- [The records]
■ ■ ■ ■ ■ ■ ■
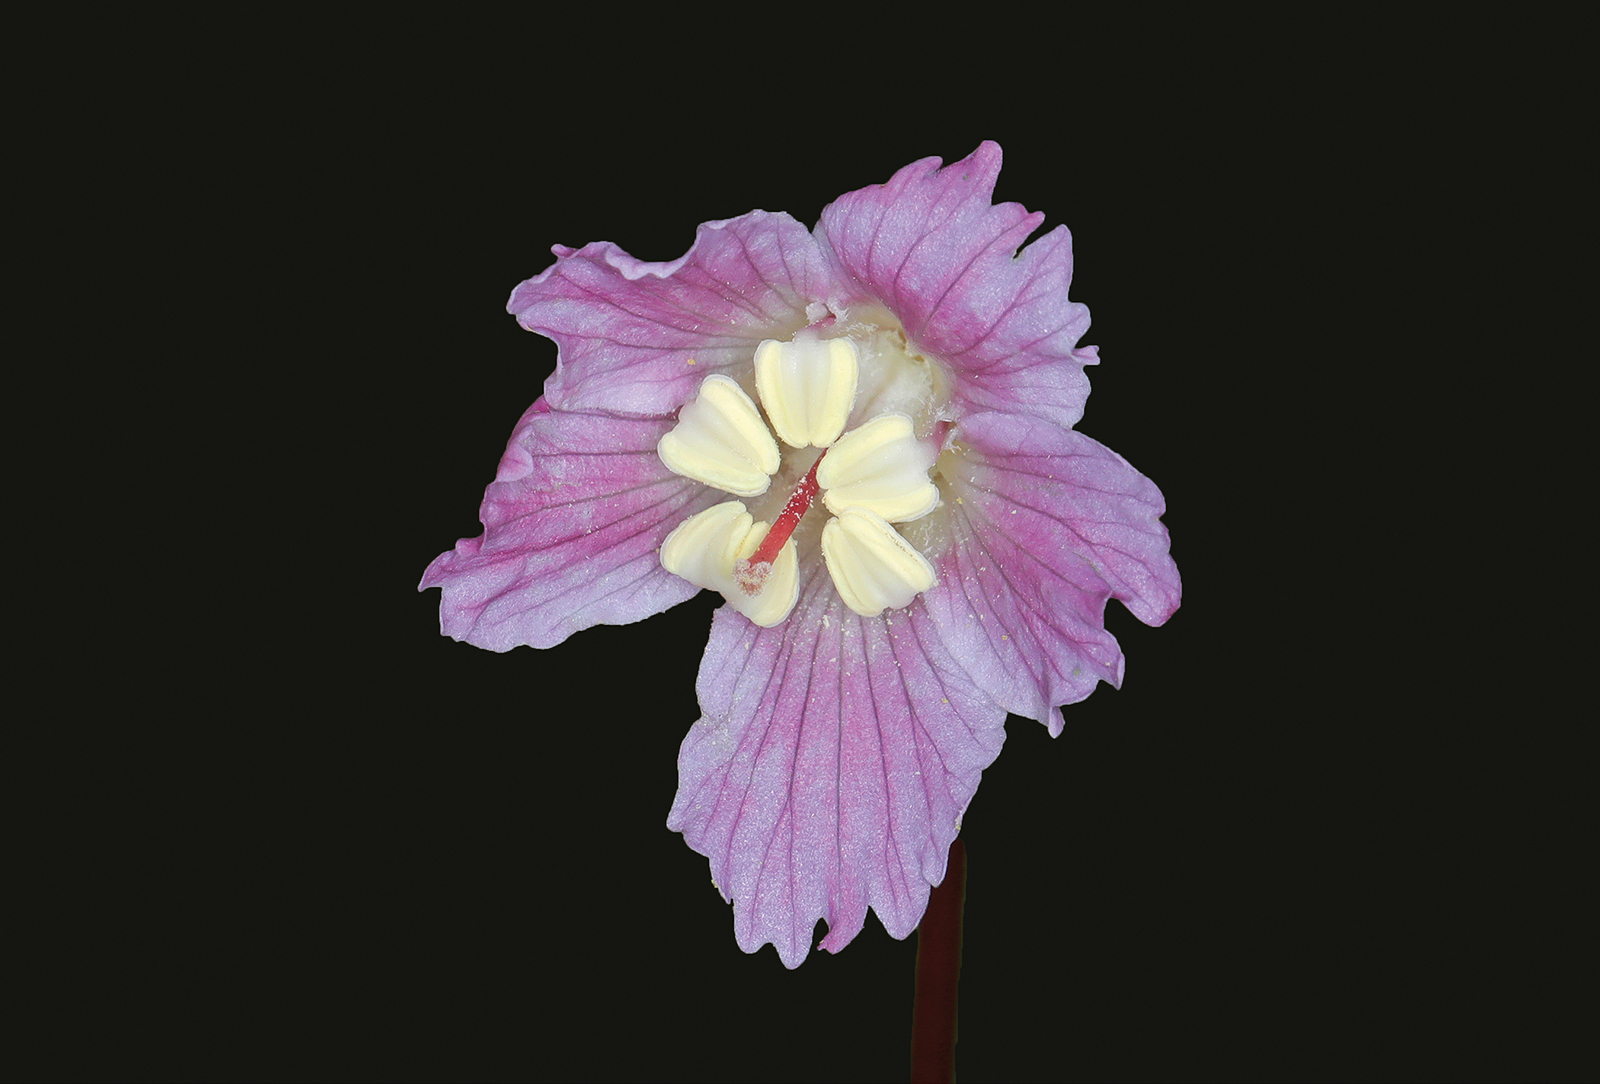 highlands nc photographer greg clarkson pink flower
■ ■ ■ ■ ■ ■ ■
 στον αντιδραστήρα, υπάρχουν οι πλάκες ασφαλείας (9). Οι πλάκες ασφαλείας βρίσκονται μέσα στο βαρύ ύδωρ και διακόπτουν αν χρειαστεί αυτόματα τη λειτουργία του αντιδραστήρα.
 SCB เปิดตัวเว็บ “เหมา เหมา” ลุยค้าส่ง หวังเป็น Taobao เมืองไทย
■ ■ ■ ■ ■ ■ ■
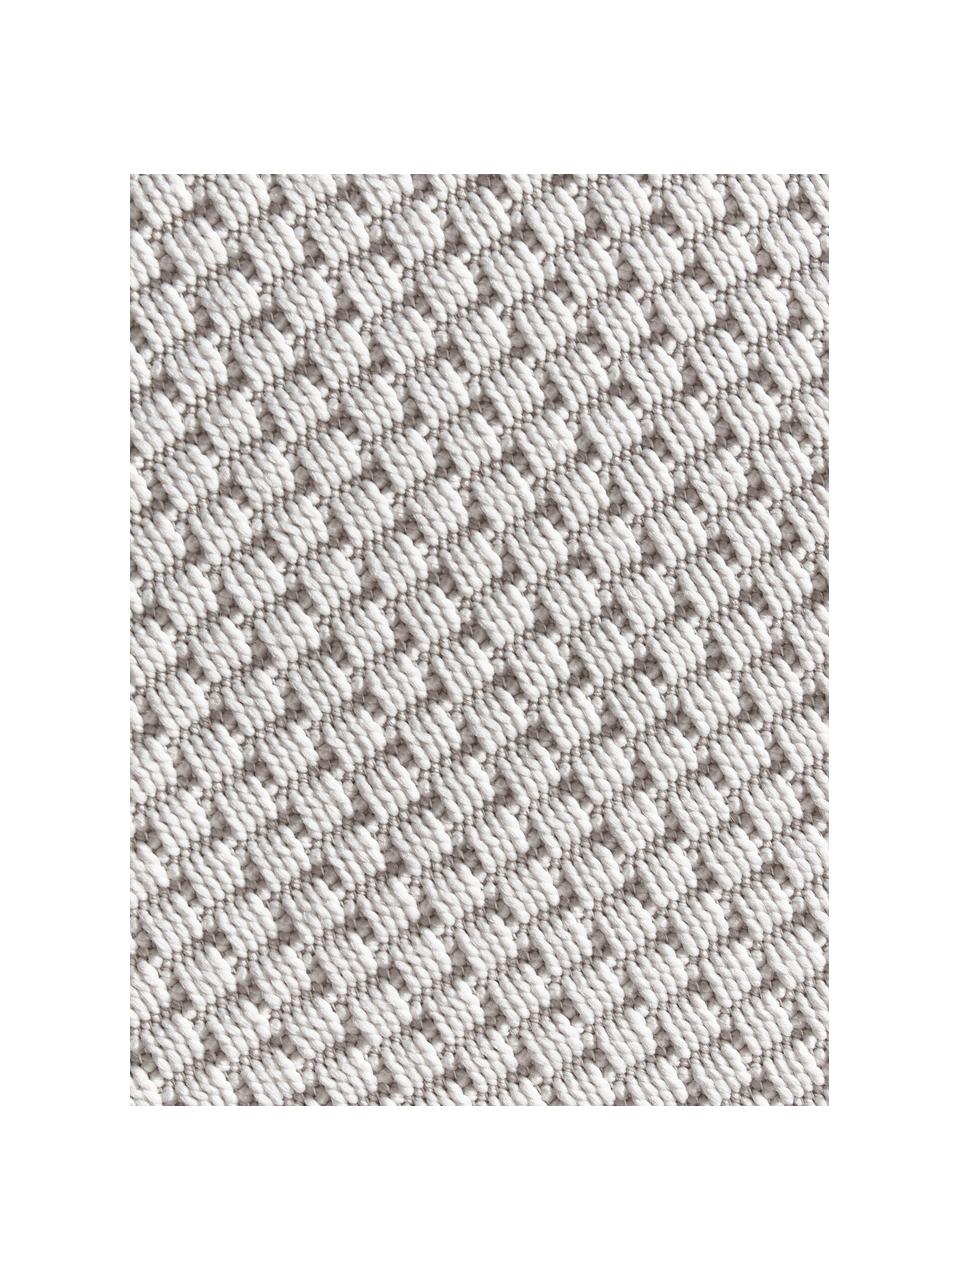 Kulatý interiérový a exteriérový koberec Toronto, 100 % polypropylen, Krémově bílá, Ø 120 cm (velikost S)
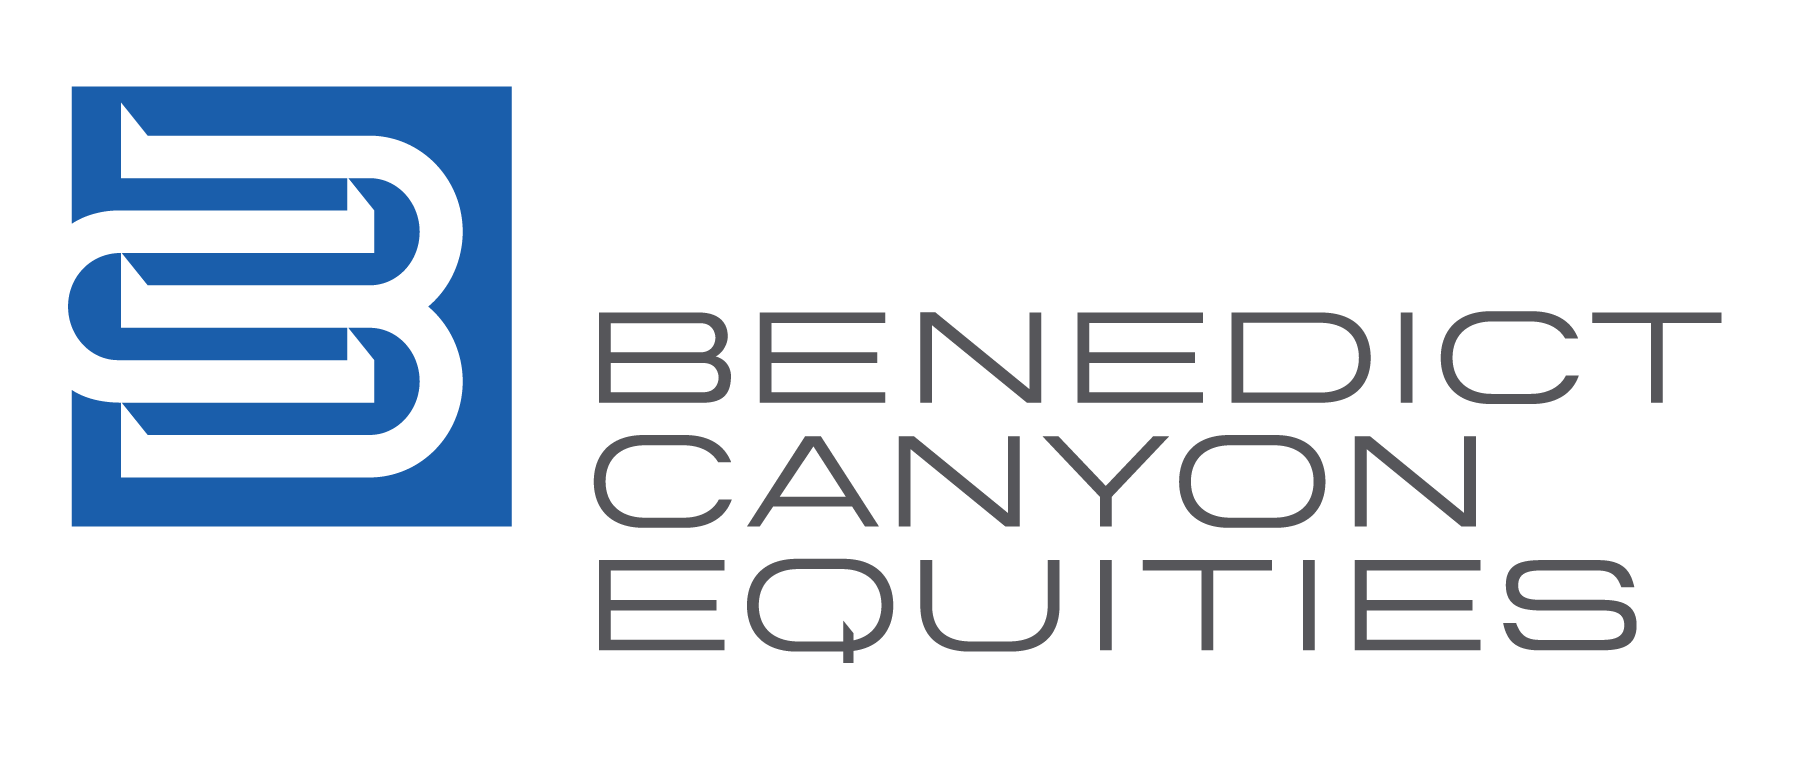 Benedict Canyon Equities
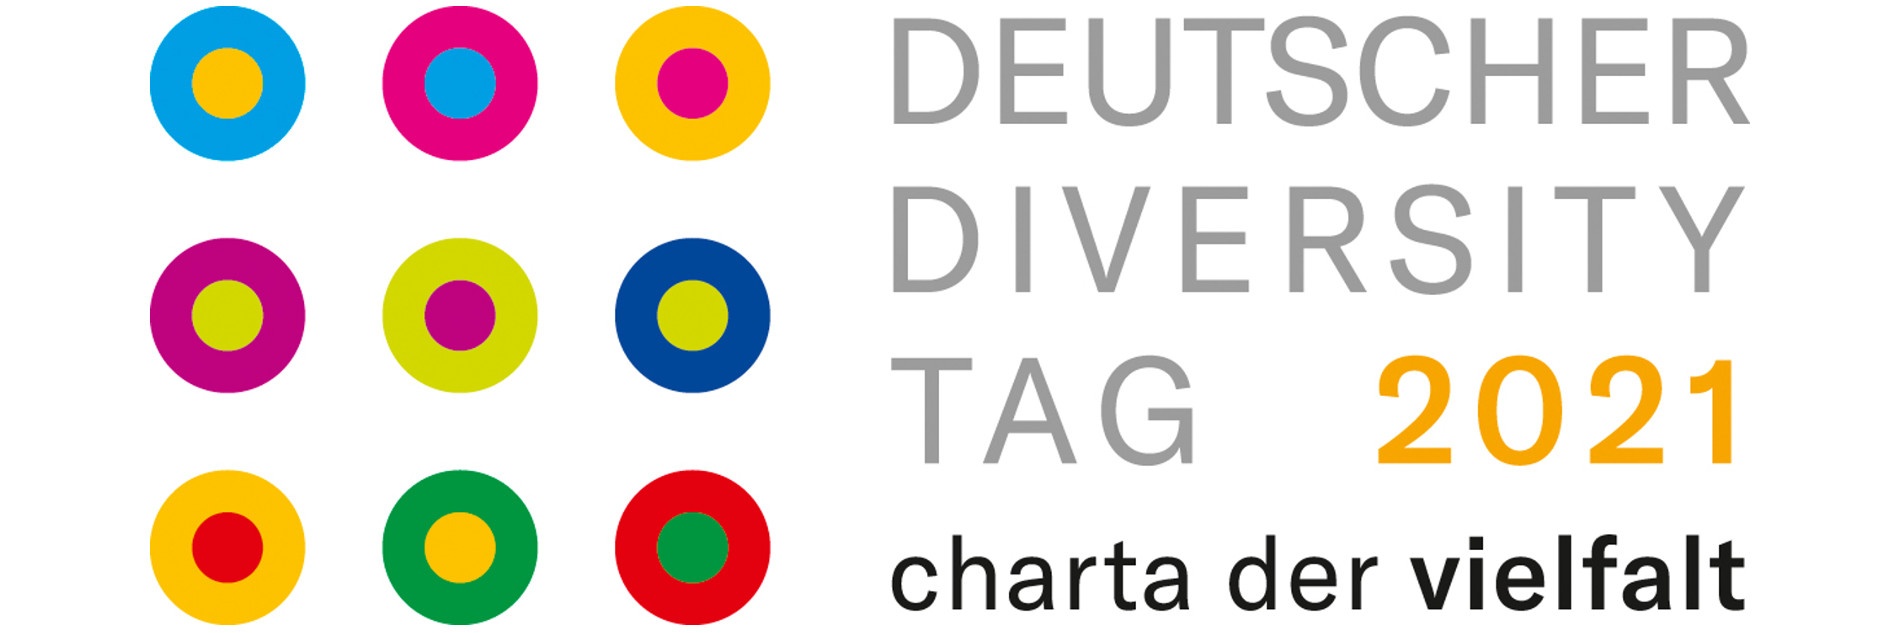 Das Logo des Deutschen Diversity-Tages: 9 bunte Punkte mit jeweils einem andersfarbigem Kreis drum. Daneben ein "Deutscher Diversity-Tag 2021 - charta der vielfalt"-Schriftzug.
■ ■ ■ ■ ■ ■ ■
Both the line above containing "Kulatý interiérový a" and the line containing "Das Logo des" belong in the copy, along with every line between them; print these exactly and omit the pictures.

 Kulatý interiérový a exteriérový koberec Toronto, 100 % polypropylen, Krémově bílá, Ø 120 cm (velikost S)
 Benedict Canyon Equities
 Das Logo des Deutschen Diversity-Tages: 9 bunte Punkte mit jeweils einem andersfarbigem Kreis drum. Daneben ein "Deutscher Diversity-Tag 2021 - charta der vielfalt"-Schriftzug.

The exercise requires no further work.